Find the line with "Barefoot walking - close-up" in the entries below, then output every line from it down to the line with "Prima 18ct White", exactly and with no pictures.

Record excerpts.

::::::::

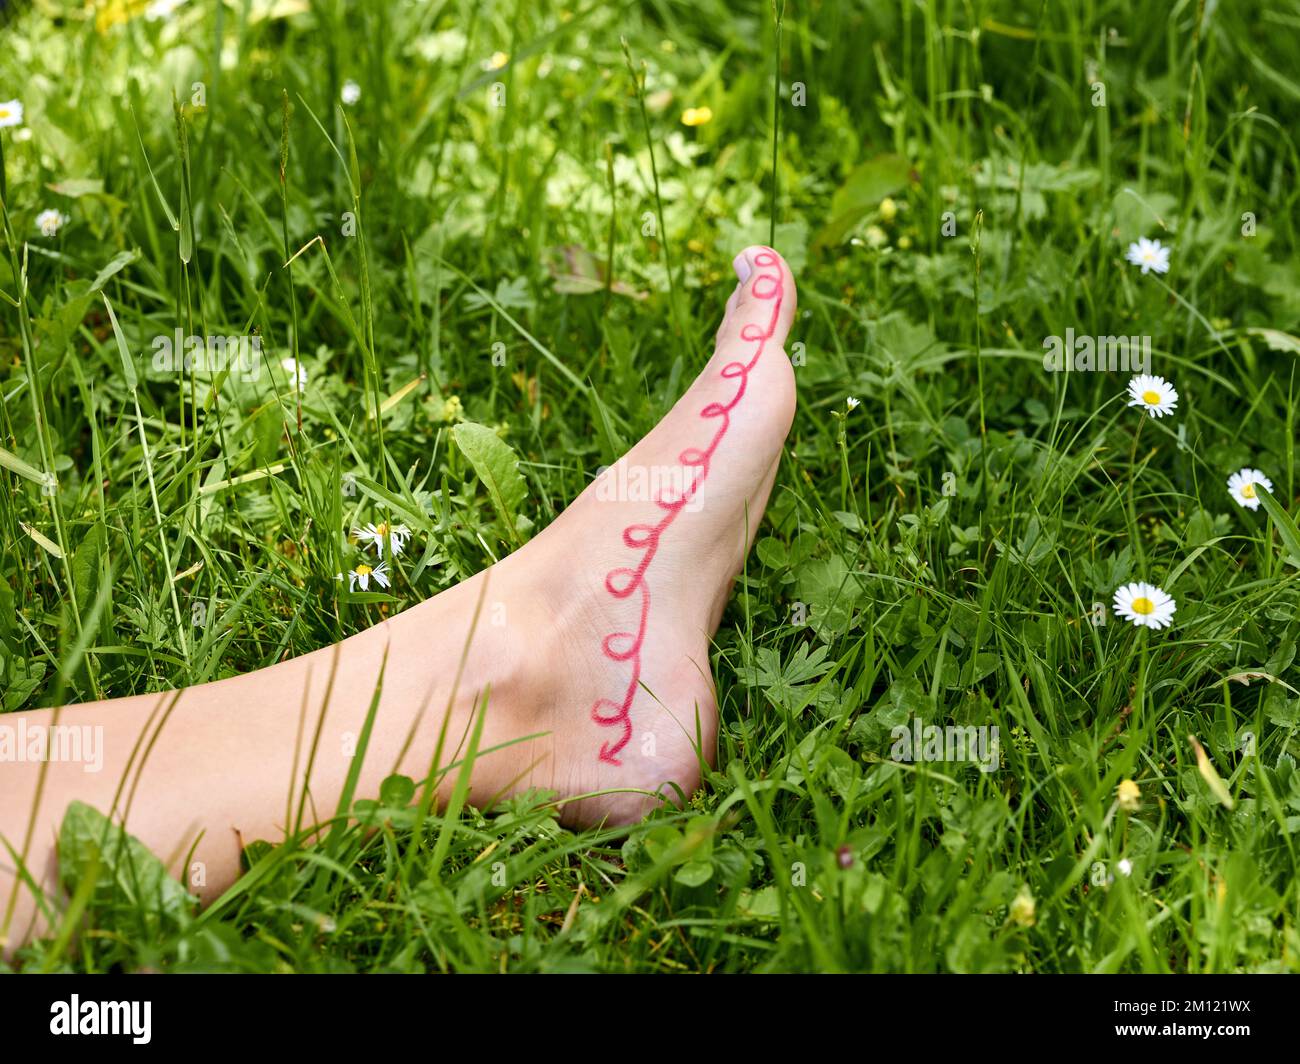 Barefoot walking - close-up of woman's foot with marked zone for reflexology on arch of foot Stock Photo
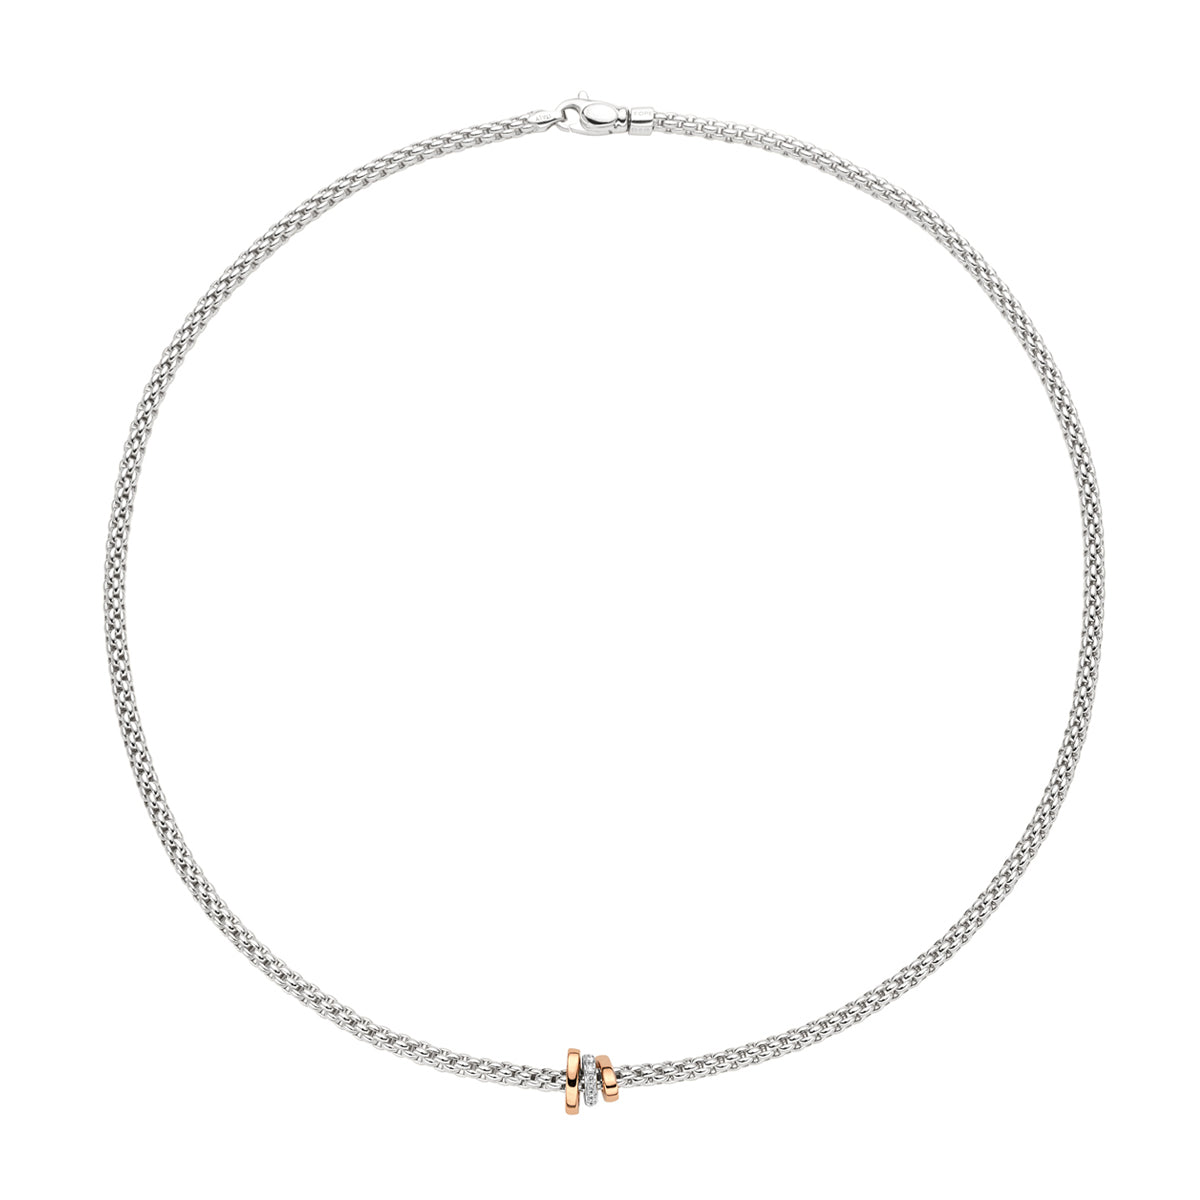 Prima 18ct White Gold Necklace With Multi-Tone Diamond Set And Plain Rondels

::::::::

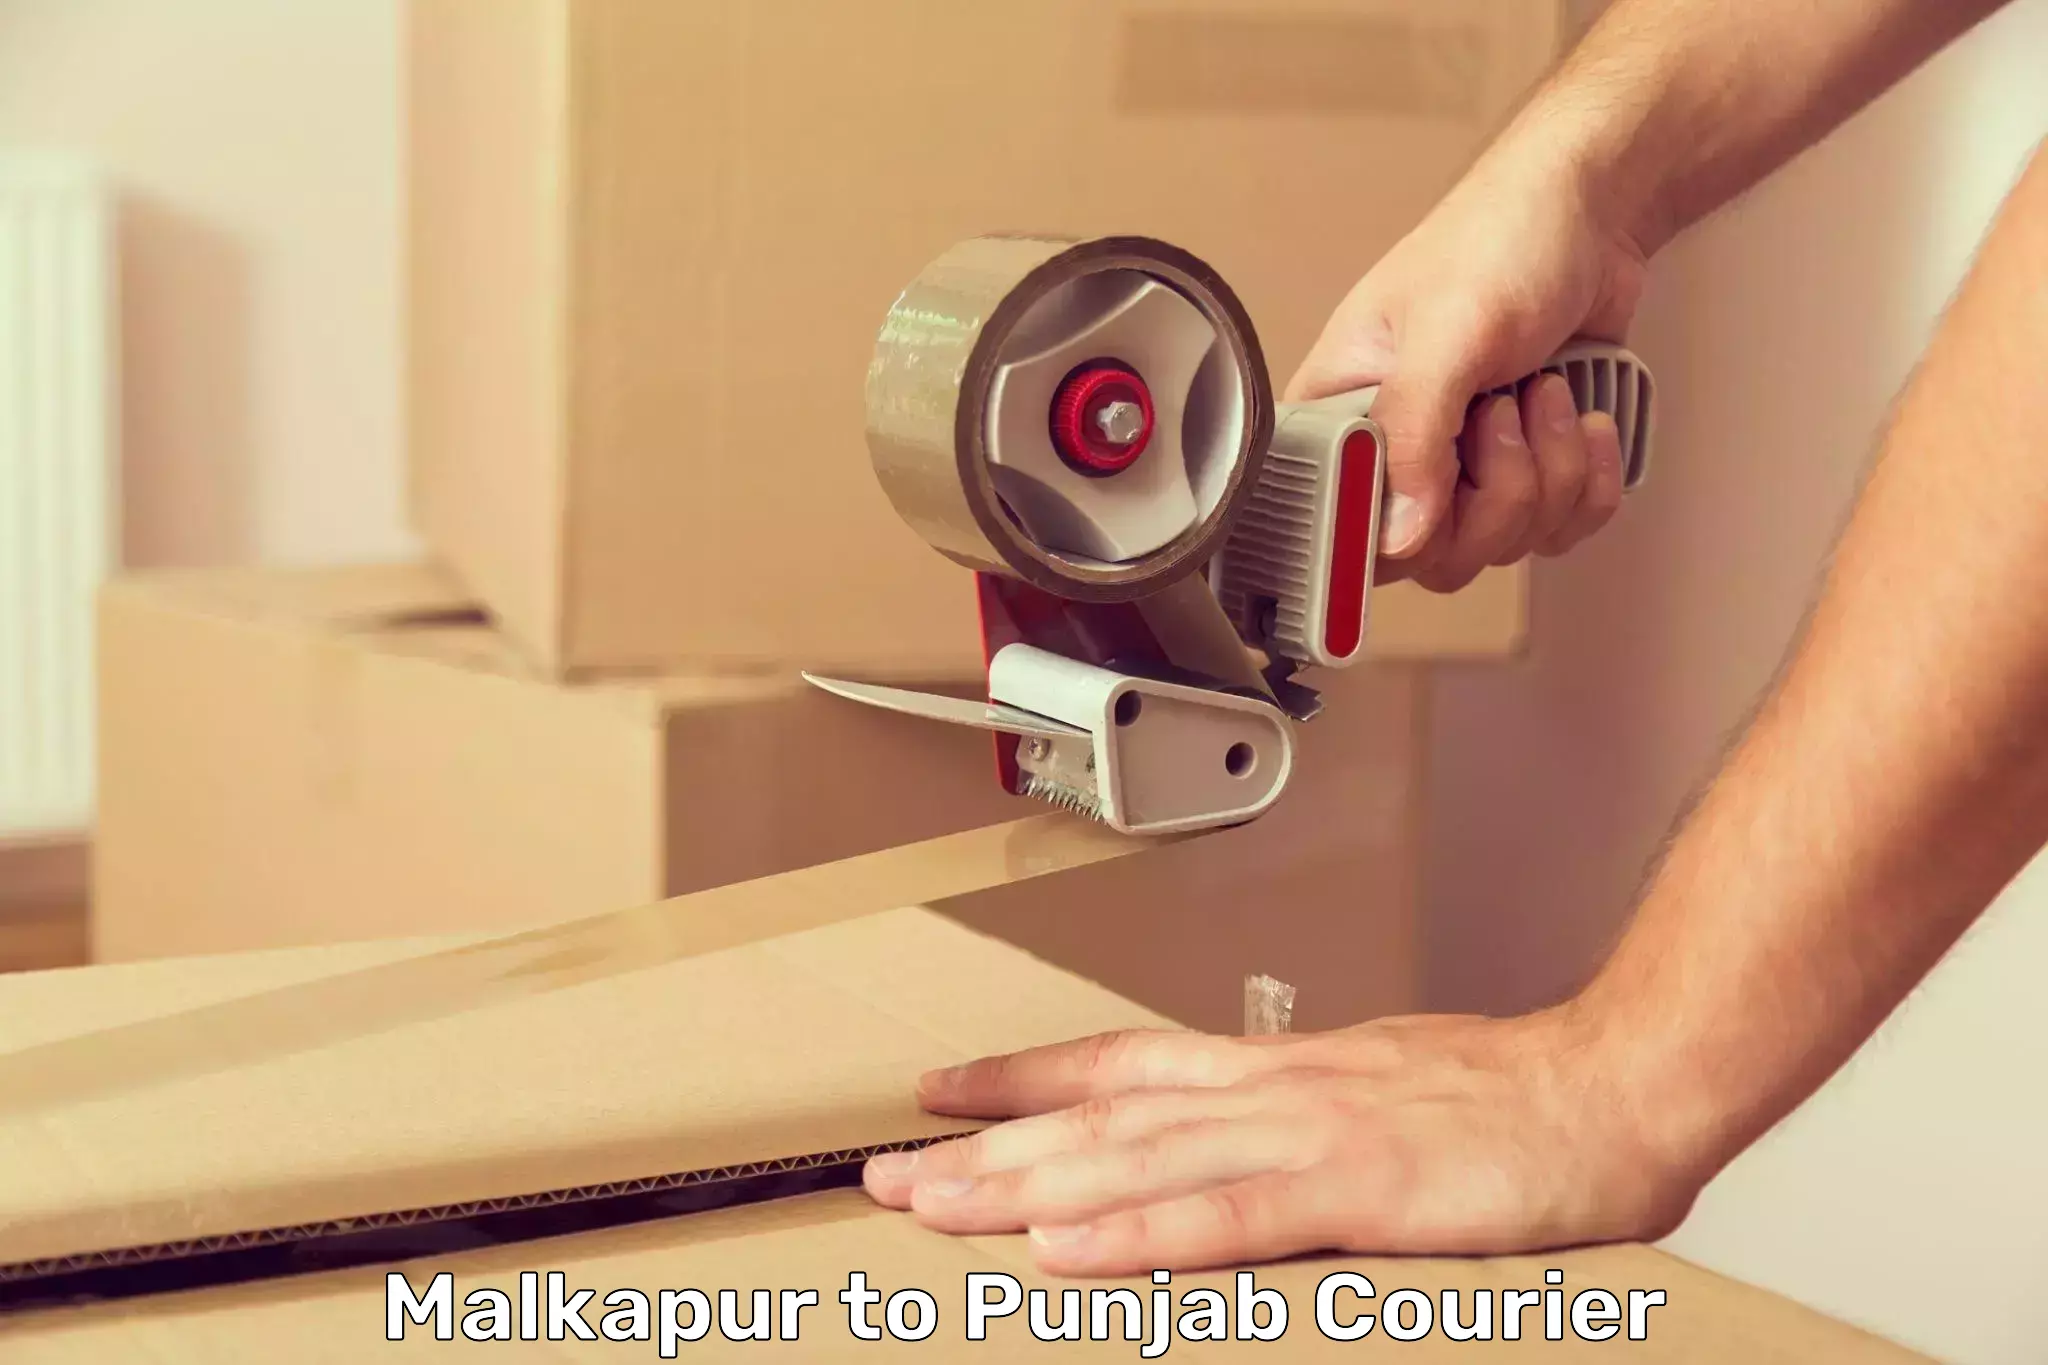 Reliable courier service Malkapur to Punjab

::::::::

Response area.
 Barefoot walking - close-up of woman's foot with marked zone for reflexology on arch of foot Stock Photo
 Prima 18ct White Gold Necklace With Multi-Tone Diamond Set And Plain Rondels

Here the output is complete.